We sleep here in this little room, organizing our purchases, holding each other, talking. This is where we stay on our business expeditions.
You know, Terezín actually reminds me a lot of Venice, Sara says, leaning nonchalantly against my shoulder. Stacks of Kafka T-shirts are drying on the floor around us. We got soaked in a downpour, now I’m breathing in the black damp of Prague rain from her hair. You know, St Mark’s and the gondolas? That’s how your government-backed Monument looks in the eyes of the world, but right nearby there are normal people, living behind peeling walls. She shakes her head. Normal, right. All over Western Europe there are mass graves from the Second World War, carefully tended and maintained, whereas in Terezín, amazingly, you’ve got Mr Hamáček selling kohlrabi on a slaughter ground, Mrs Bouchal and Mrs Fridrich swearing at their permanently jammed laundry press on the very same spot where trains used to leave for the extermination camps in the East. When you were kids, you played in morgues and felt each other up in bunkers! It’s a nightmare, you’re all perverted and you don’t even know it. In the West they wouldn’t allow kids to go in places like that. It isn’t allowed here either! I say. But you don’t give a damn in this country, she objects. Yeah, well, why should I care whether it’s allowed or not, just as long as I don’t get caught, I say. Sara shakes her head, we talk, a little later we go to sleep.

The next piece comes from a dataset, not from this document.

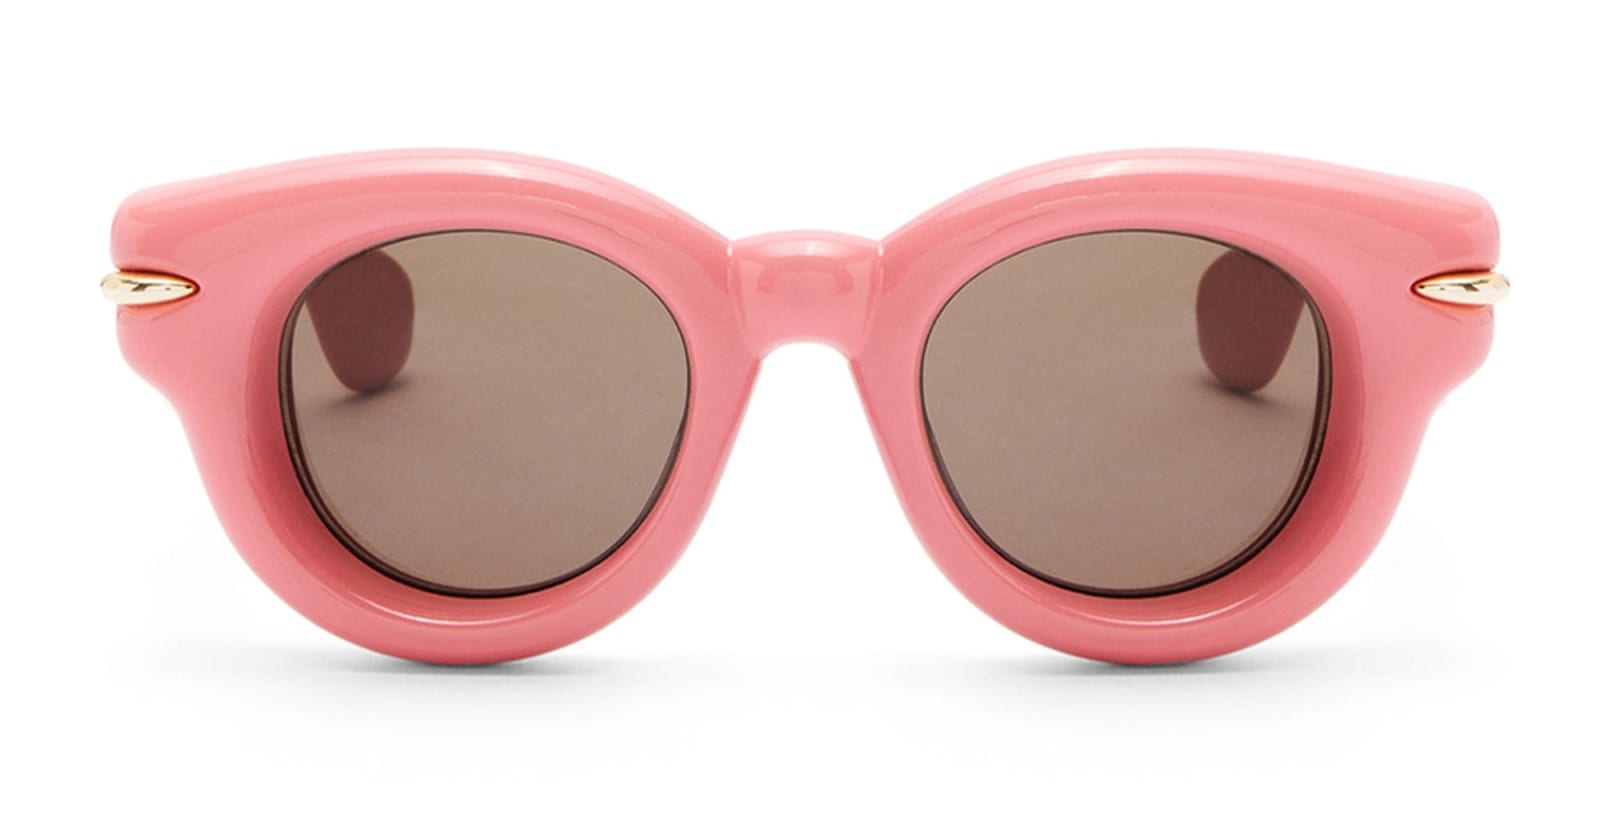 Loewe Inflated Round - Coral Pink Glasses
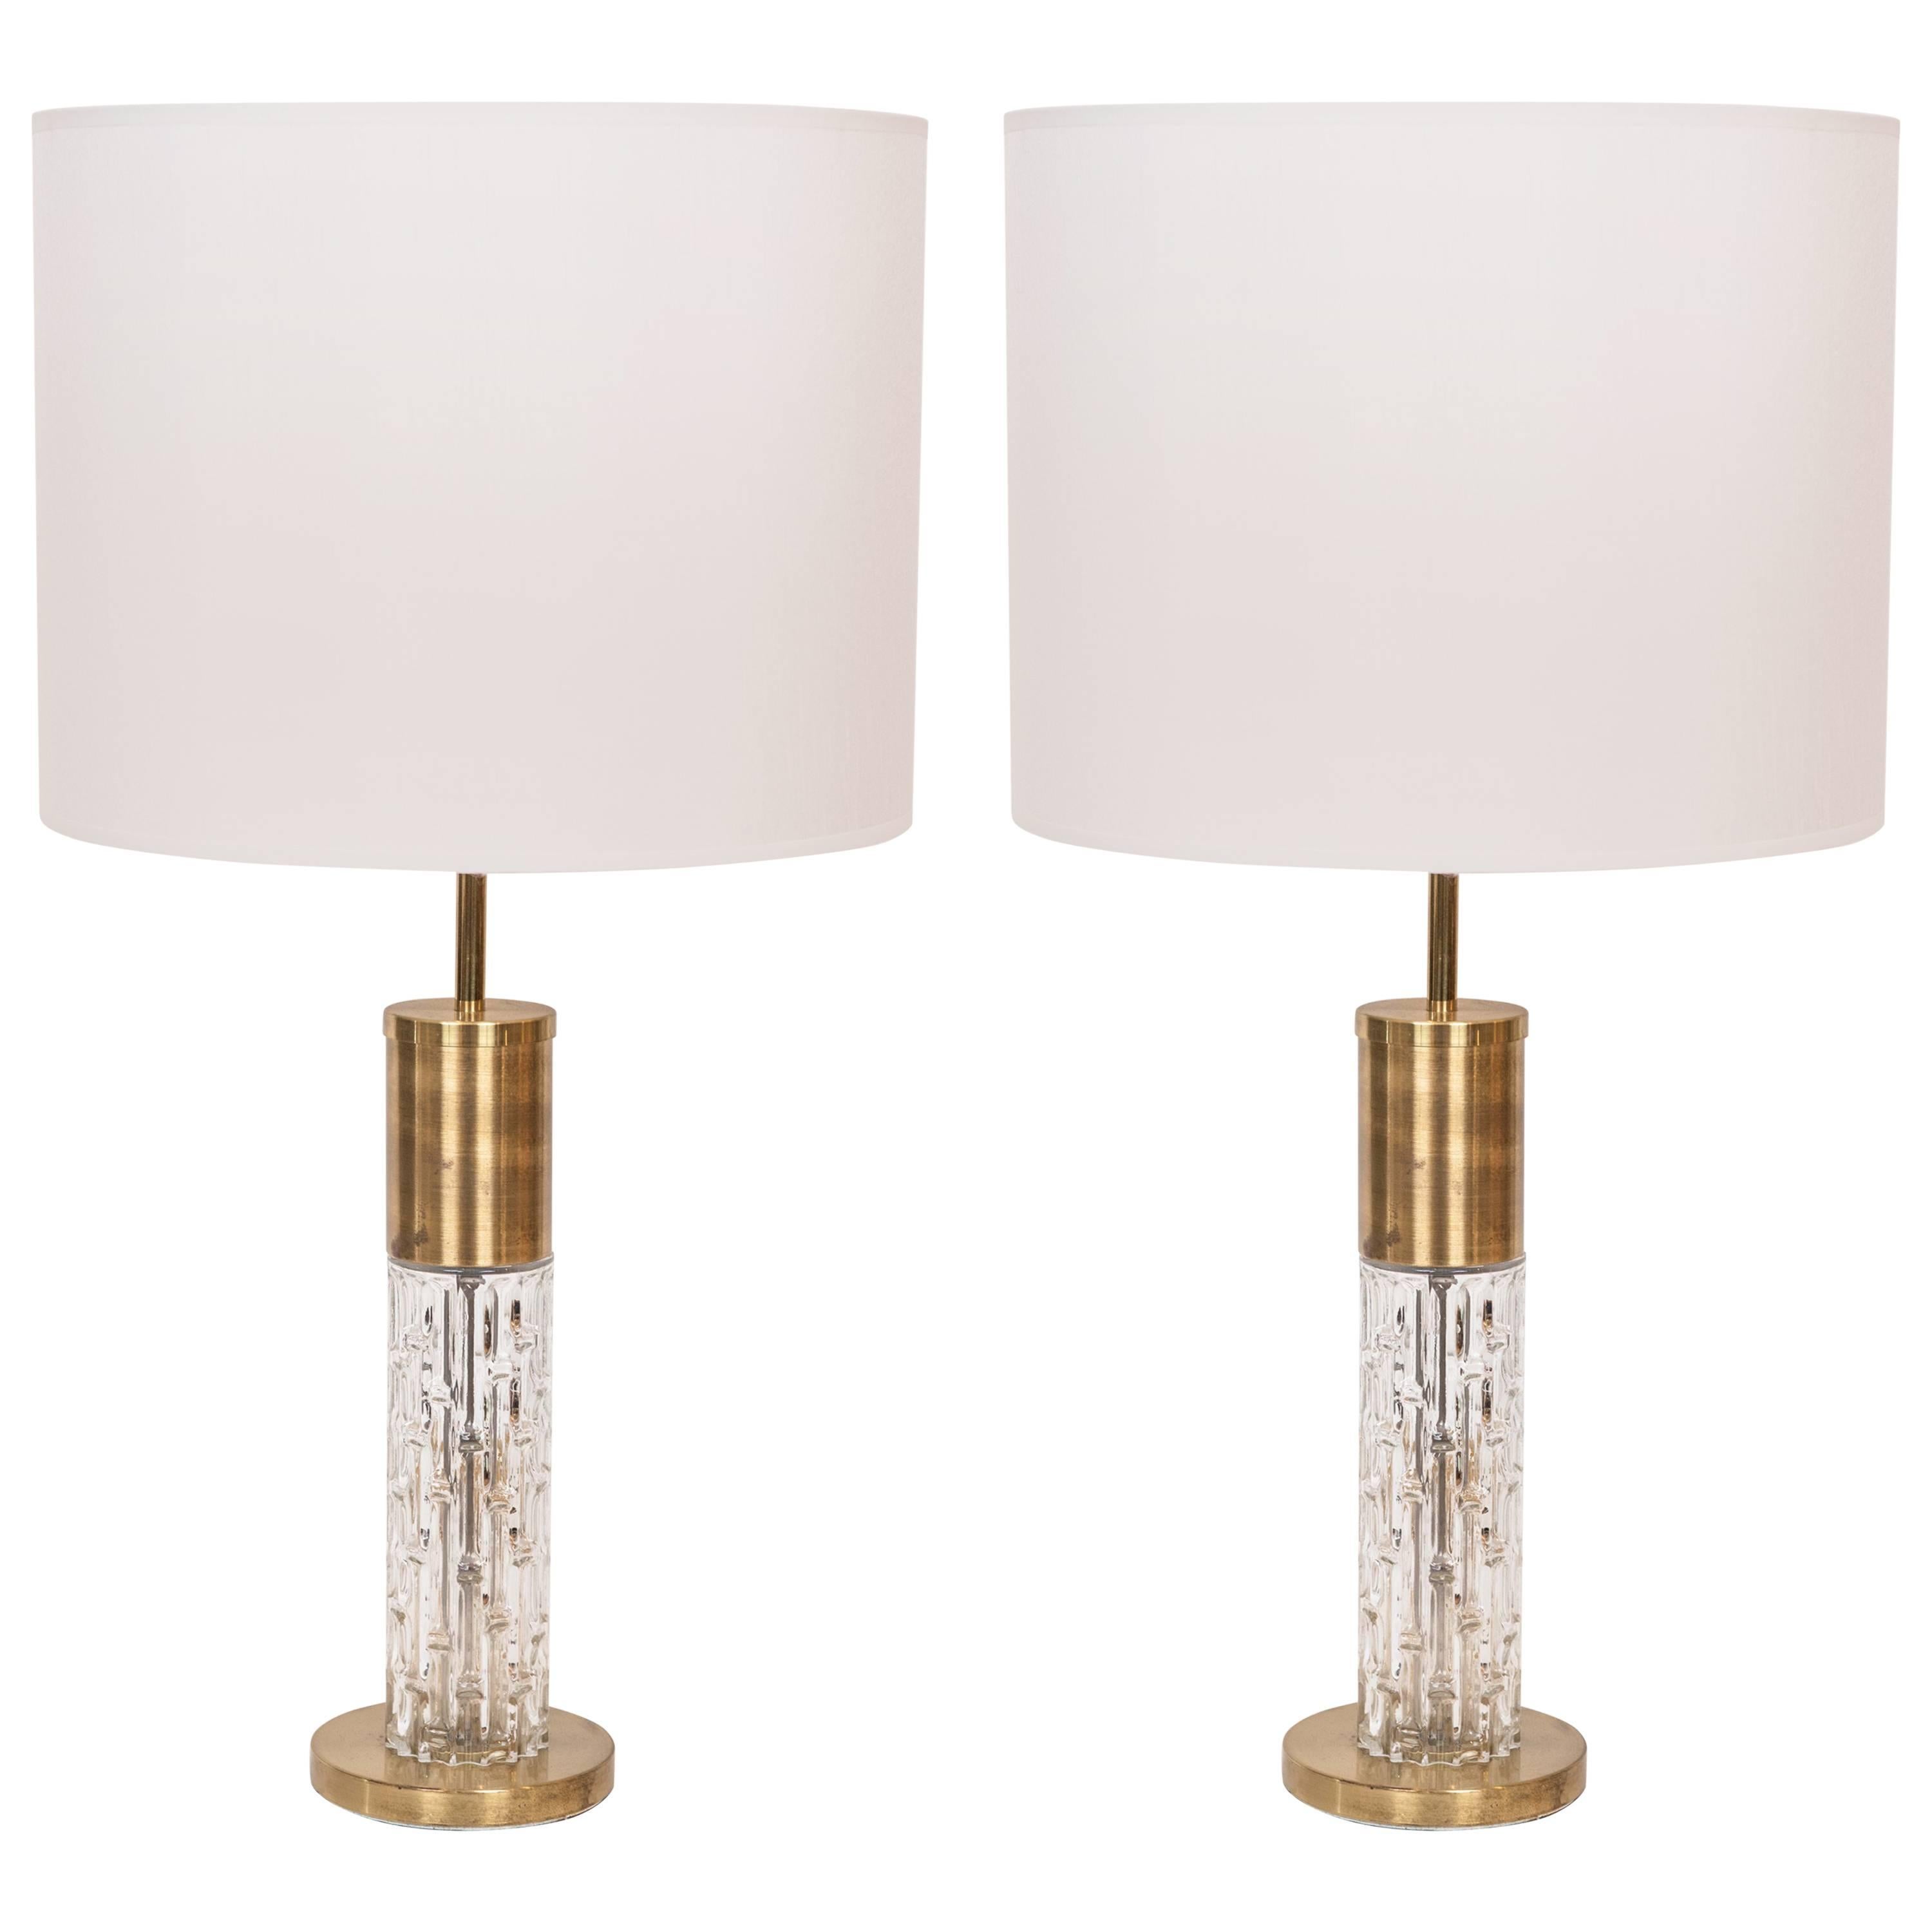 Pair of Vintage Brass and Glass Table Lamps, circa 1965

The next day the commandos from the Patriot Guard made a raid on the street where we were staying. We were coming back to our hotel, weighed down with bags, when we saw a crew of Roma kids dodging through the streets. The dark-skinned teenagers scattered down passageways, the lumbering Guards in their vests with knives and batons in hot pursuit. A few people leaned out of their windows, applauding the pursuers and pointing out which way their quarry had fled. Sara stood open-mouthed, her package of Kafkas dropped to the ground.